When someone tells you that 44.1 kHz is the “natural” or “perfect” sampling rate for audio, they are, without knowing it, paying tribute to the NTSC standards committee of 1941 and the PAL engineers of the 1960s. The number carries history in it the way a fossil carries the structure of a long-dead organism. It is the right number, in the sense that it works. Its rightness has nothing to do with the reasons it was chosen.
I find this genuinely satisfying rather than disappointing. The history of physics and engineering is full of contingent numbers that turned out to be good enough, and whose goodness was only rationalised after the fact. The metre was originally defined as one ten-millionth of the distance from the equator to the North Pole along the Paris meridian — an arbitrary geodetic choice that turned out to produce a unit of length that is remarkably convenient for human-scale physics. The kilogram was a cylinder of platinum-iridium alloy in a vault outside Paris for over a century. 44,100 Hz is in good company.
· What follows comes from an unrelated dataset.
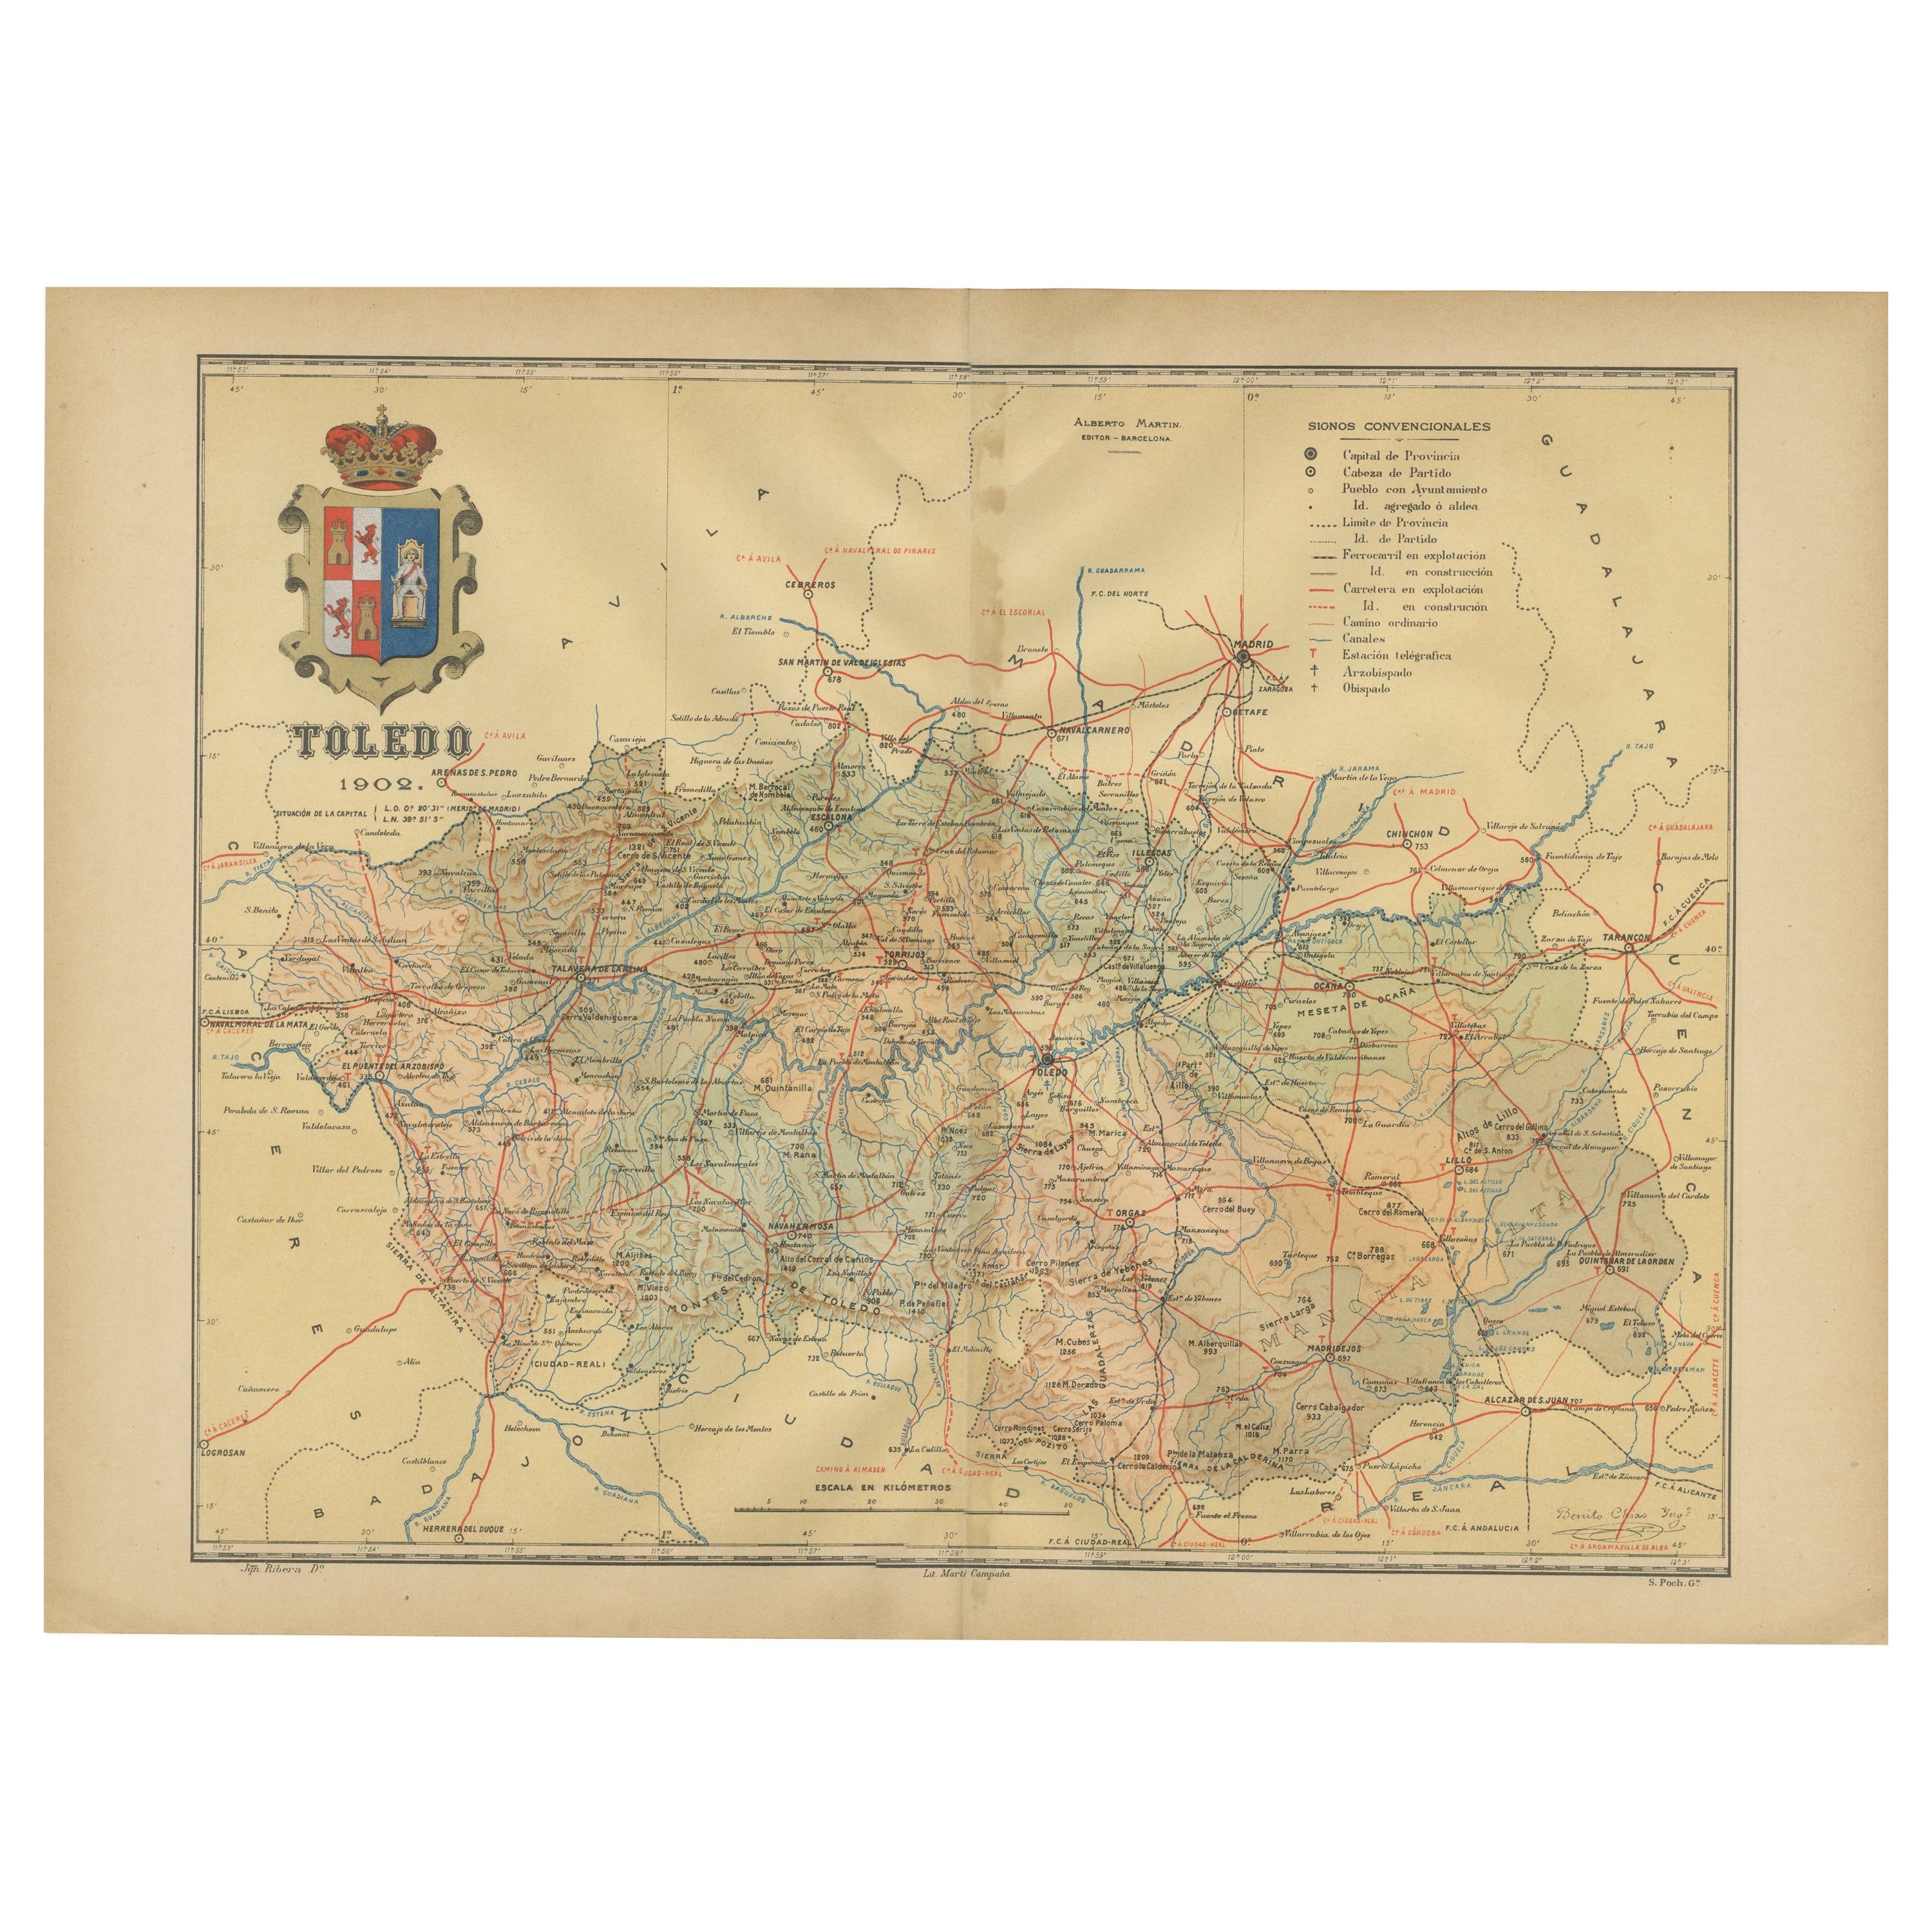 Toledo 1902: A Historical Cartographic Study of this Spanish Province For Sale
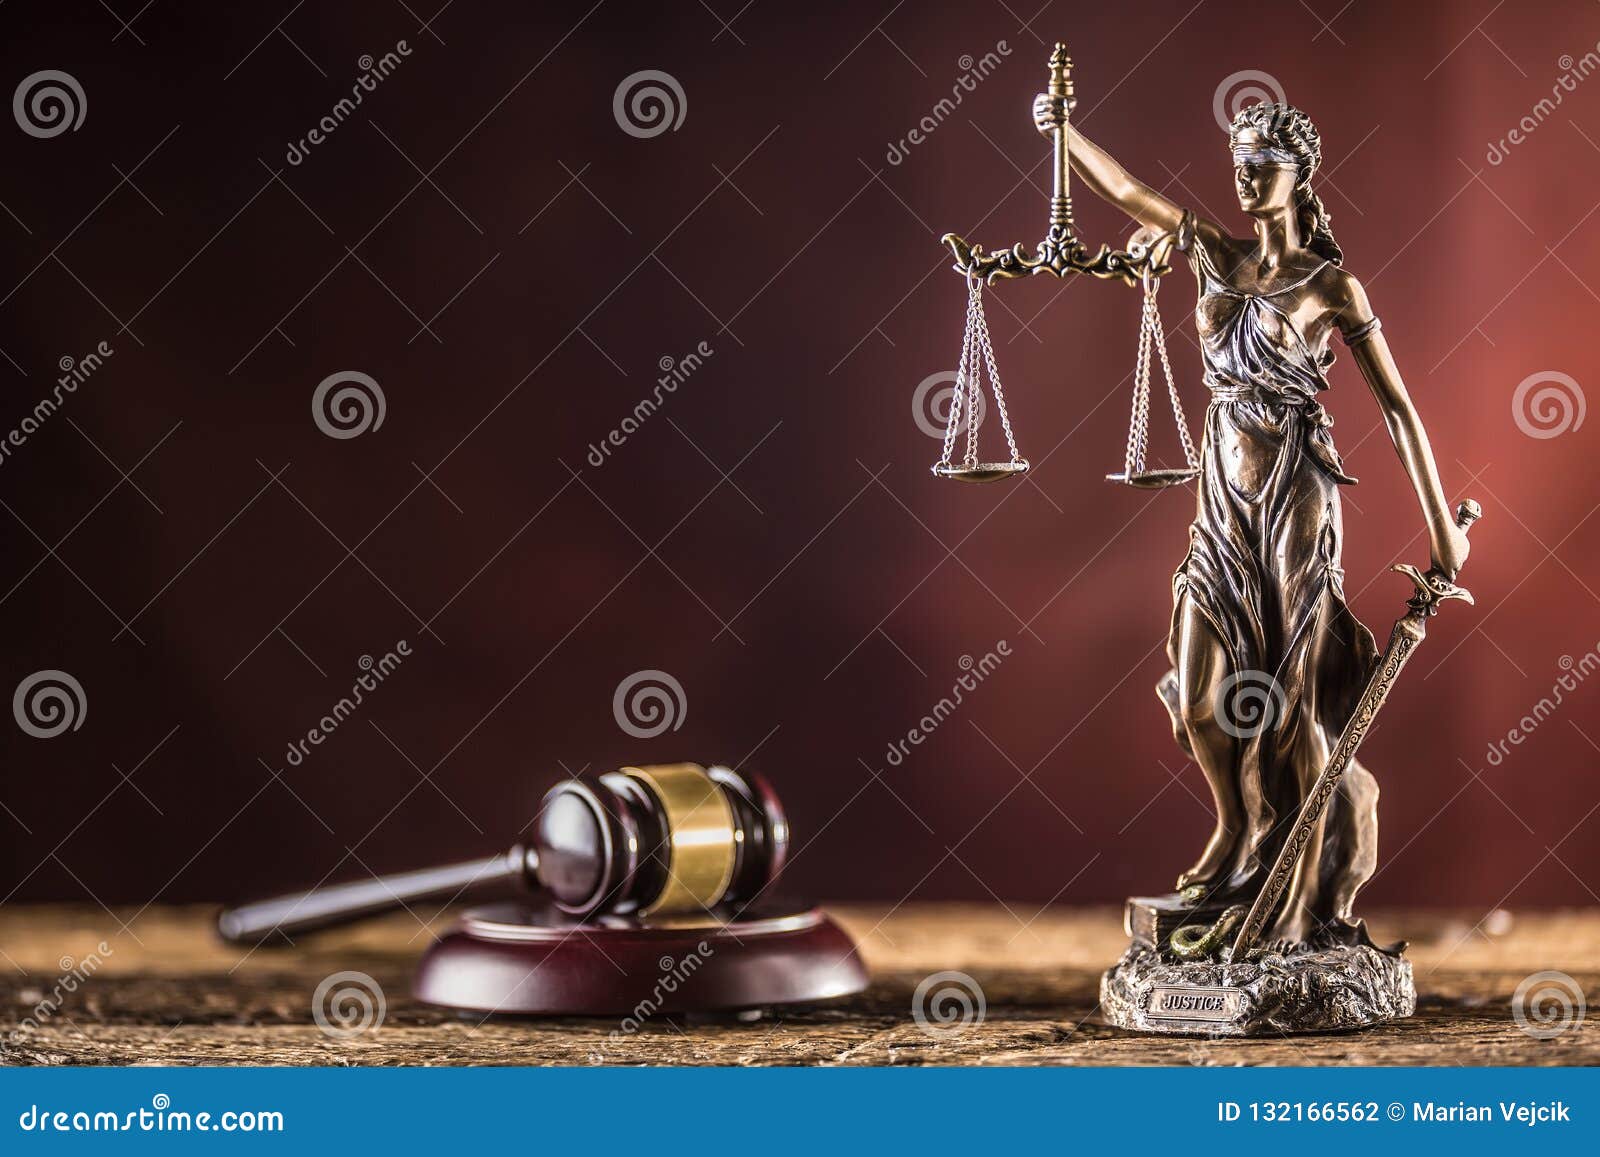 lady justicia holding sword and scale bronze figurine with judge

The Archaeology of a Number
The numbers we inherit from engineering history are rarely arbitrary at every level simultaneously. 44,100 Hz is not arbitrary at the level of sampling theory: it satisfies the Nyquist criterion with enough headroom for a physically realisable anti-aliasing filter, given 1970s component technology. That is a genuine constraint, and the number sits in the right region of parameter space for it.
But it is arbitrary at a deeper level: it is the specific number that happened to fit a video tape format that happened to be affordable in 1979, a format that was itself determined by broadcast standards that were set for entirely unrelated reasons decades earlier. The chain of contingencies runs: 1940s television engineering defines NTSC and PAL frame rates and line counts; 1970s consumer VCR technology makes those tape formats cheap; 1979 Sony engineers encode digital audio as fake video; the arithmetic of the video formats fixes the sampling rate at 44,100 Hz; that rate gets locked into the CD standard in 1980; 44.1 kHz becomes the defining frequency of a digital music format that ships billions of units over the following four decades.
Science and engineering produce exact numbers from messy contingencies. The number 44,100 is simultaneously a theorem output (it satisfies a well-defined engineering constraint), a historical accident (it is determined by the specific video tape hardware that existed in 1979), and an institutional fossil (it outlasted the VCRs that created it by four decades and counting). All three things are true at the same time.
The VCRs are gone. The sampling rate remains.
References
[1] Pohlmann, K. C. (2010). Principles of Digital Audio (6th ed.). McGraw-Hill.
[2] Watkinson, J. (2001). The Art of Digital Audio (3rd ed.). Focal Press.
[3] Immink, K. A. S. (1998). The compact disc story. Journal of the AES, 46(5), 458–465.
[4] Nyquist, H. (1928). Certain topics in telegraph transmission theory. Transactions of the AIEE, 47(2), 617–644.
[5] Shannon, C. E. (1949). Communication in the presence of noise. Proceedings of the IRE, 37(1), 10–21.